During runtime there are also irq_*() callbacks which utilize callbacks
from the parent domains. I.e. mask() invokes mask(parent) ...

But that has nothing to do with demultiplexed interrupts because the
underlying demultiplex interrupt is already there and the same for all
interrupts in the demultiplexed domain. There is no callback dependency
and no resource dependency at all.

Thanks,

        tglx
Conor Dooley Aug. 14, 2024, 4:43 p.m. UTC | #2
On Wed, Aug 14, 2024 at 05:51:33PM +0200, Thomas Gleixner wrote:
> On Wed, Aug 14 2024 at 14:45, Marek Behún wrote:
> 
> Cc+ device tree people.
> 
> > + The code binds this new interrupt domain to the same device-tree node as
> > + the main interrupt domain. The main interrupt controller has its
> > + interrupts described by one argument in device-tree
> > + (#interrupt-cells = <1>), i.e.:
> > + 
> > +   interrupts-extended = <&mpic 8>;
> > + 
> > + Because of backwards compatibility we cannot change this number of
> > + arguments, and so the SoC Error interrupts must also be described by
> > + this one number.
> > + 
> > + Thus, to describe a SoC Error interrupt, one has to add the an offset
> > + to the SoC Error interrupt number.
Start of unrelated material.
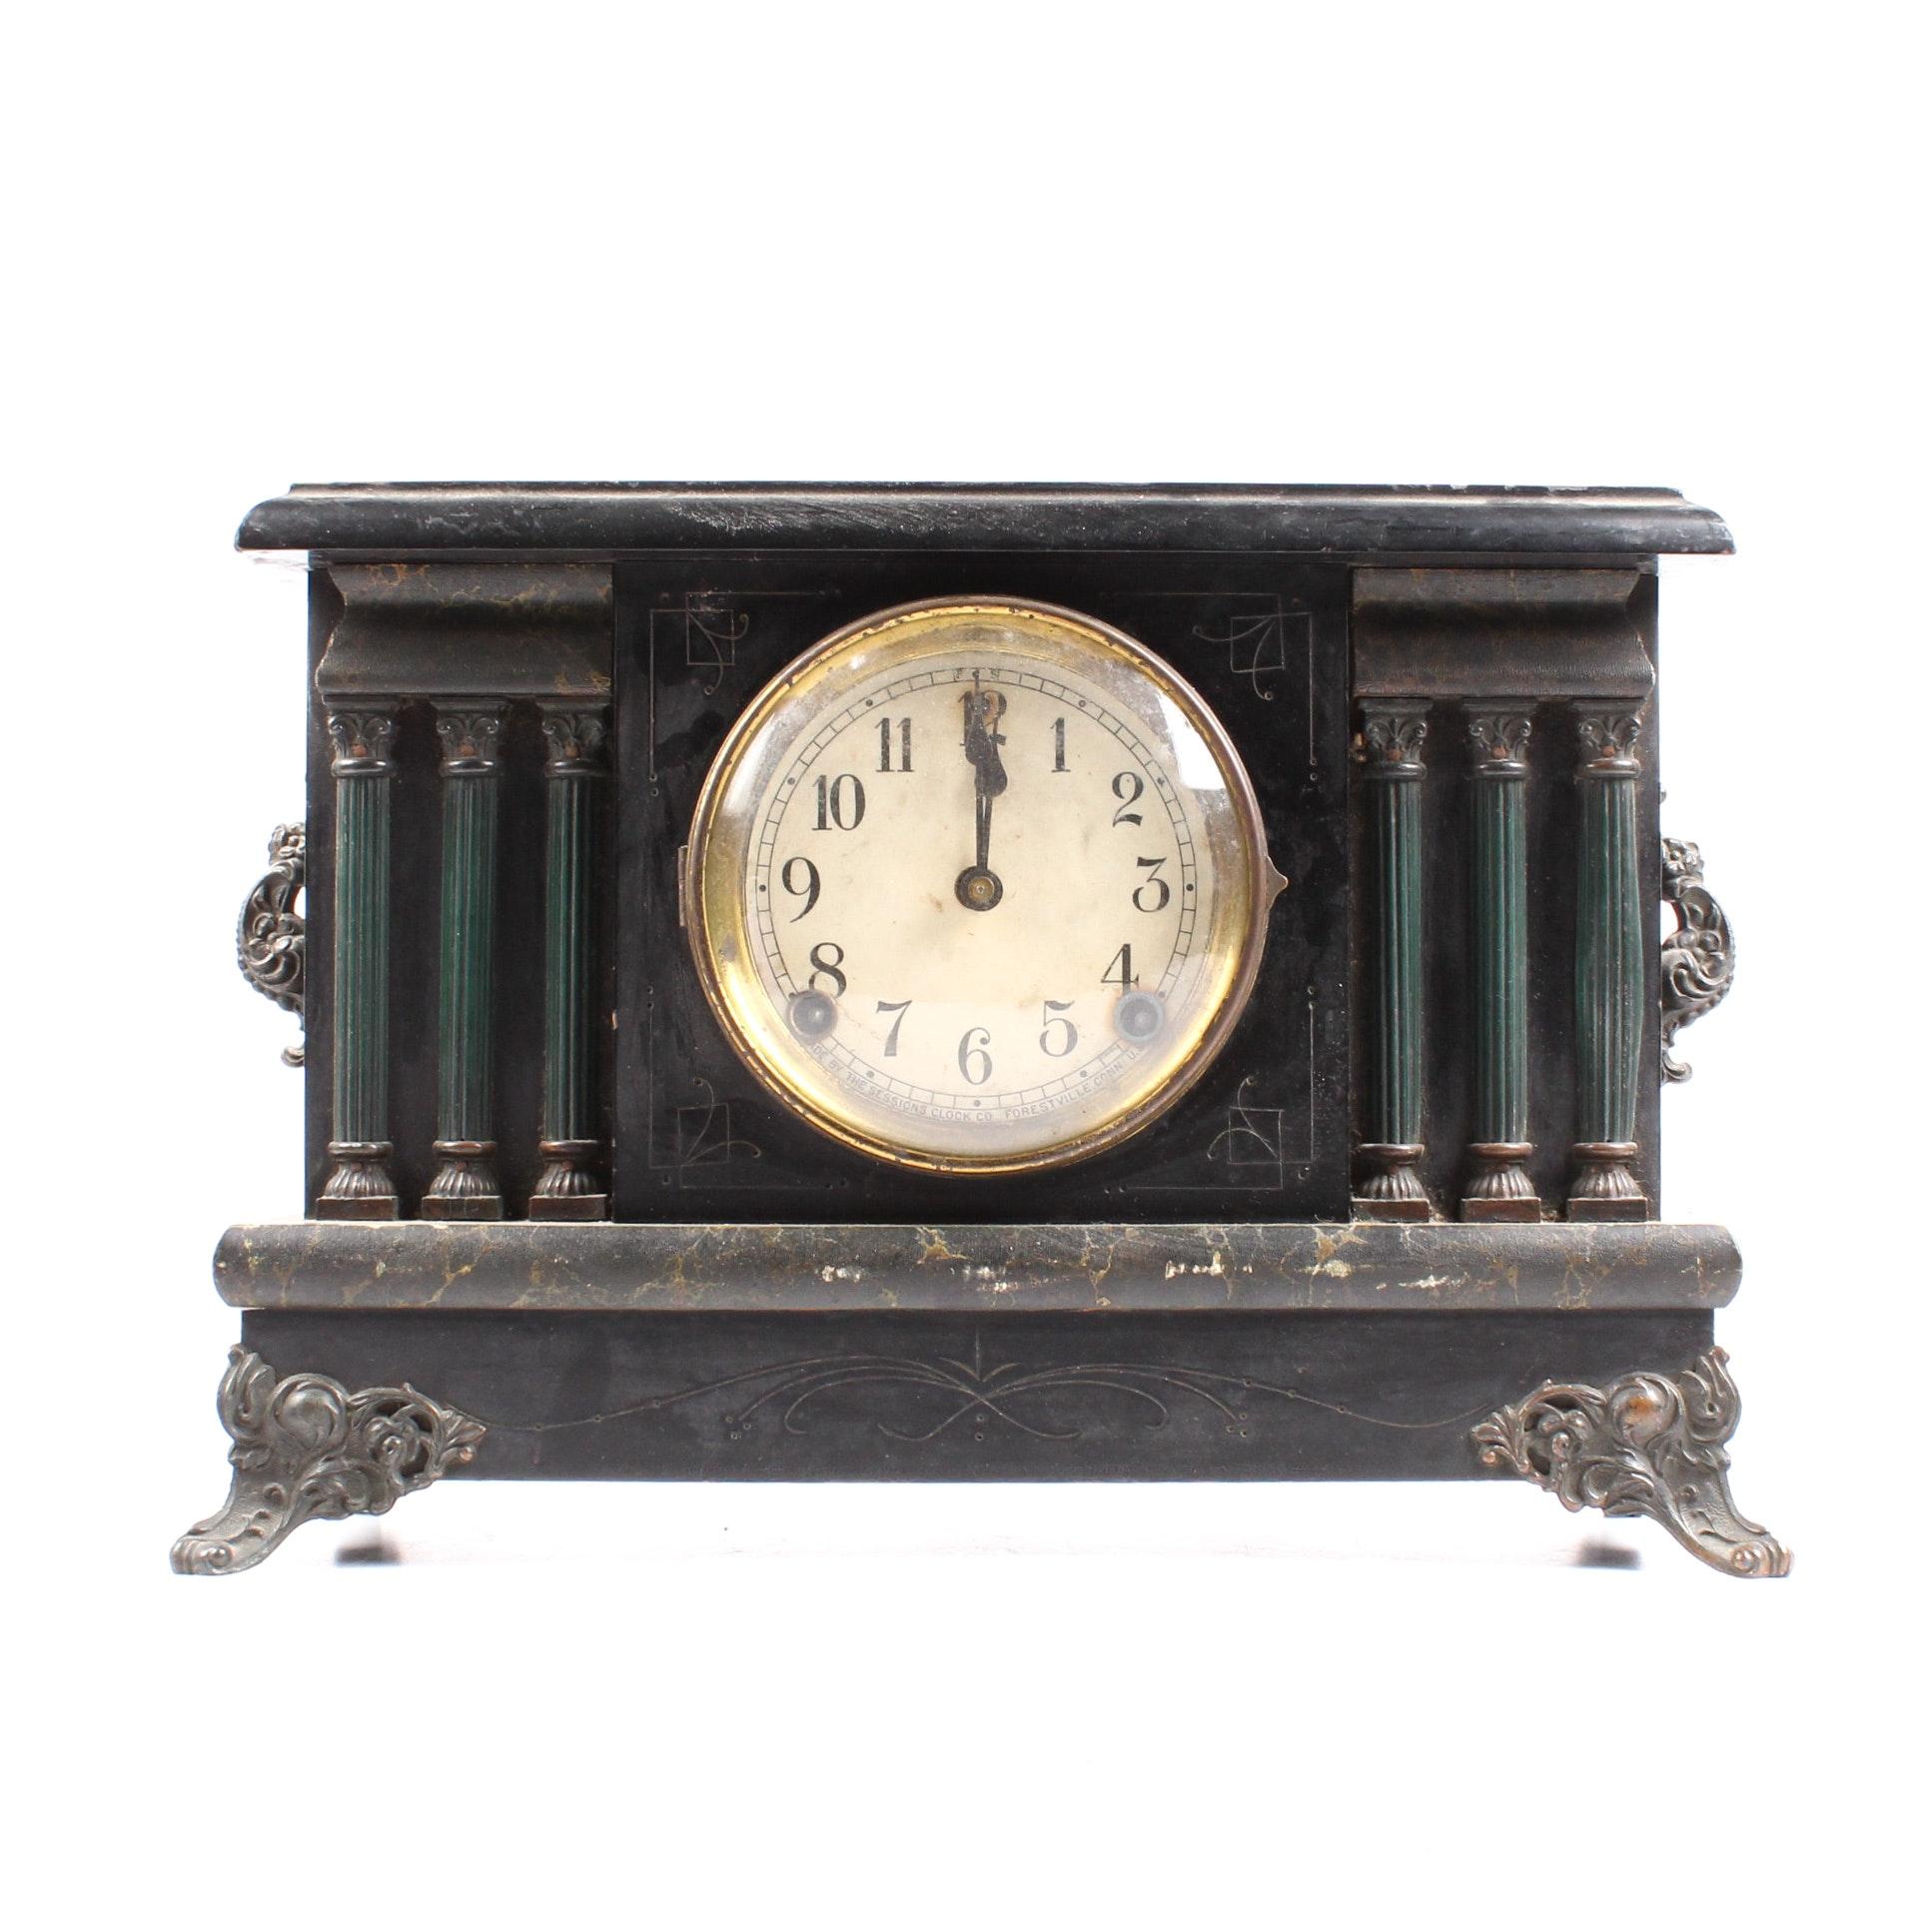 Antique Sessions Mantel Clock

Offset 0x400 was chosen because the
> > + main controller supports at most 1024 interrupts (in theory; in practice
> > + it seems to be 116 interrupts on all supported platforms). An example of
> > + describing a SoC Error interrupt is
> > + 
> > +   interrupts-extended = <&mpic 0x404>;
> 
> This looks like a horrible hack and I don't understand why this can't be
> a separate interrupt controller, which it is in the hardware. That
> controller utilizes interrupt 4 from the MPIC.
> 
> But then my DT foo is limited, so I let the DT folks comment on that.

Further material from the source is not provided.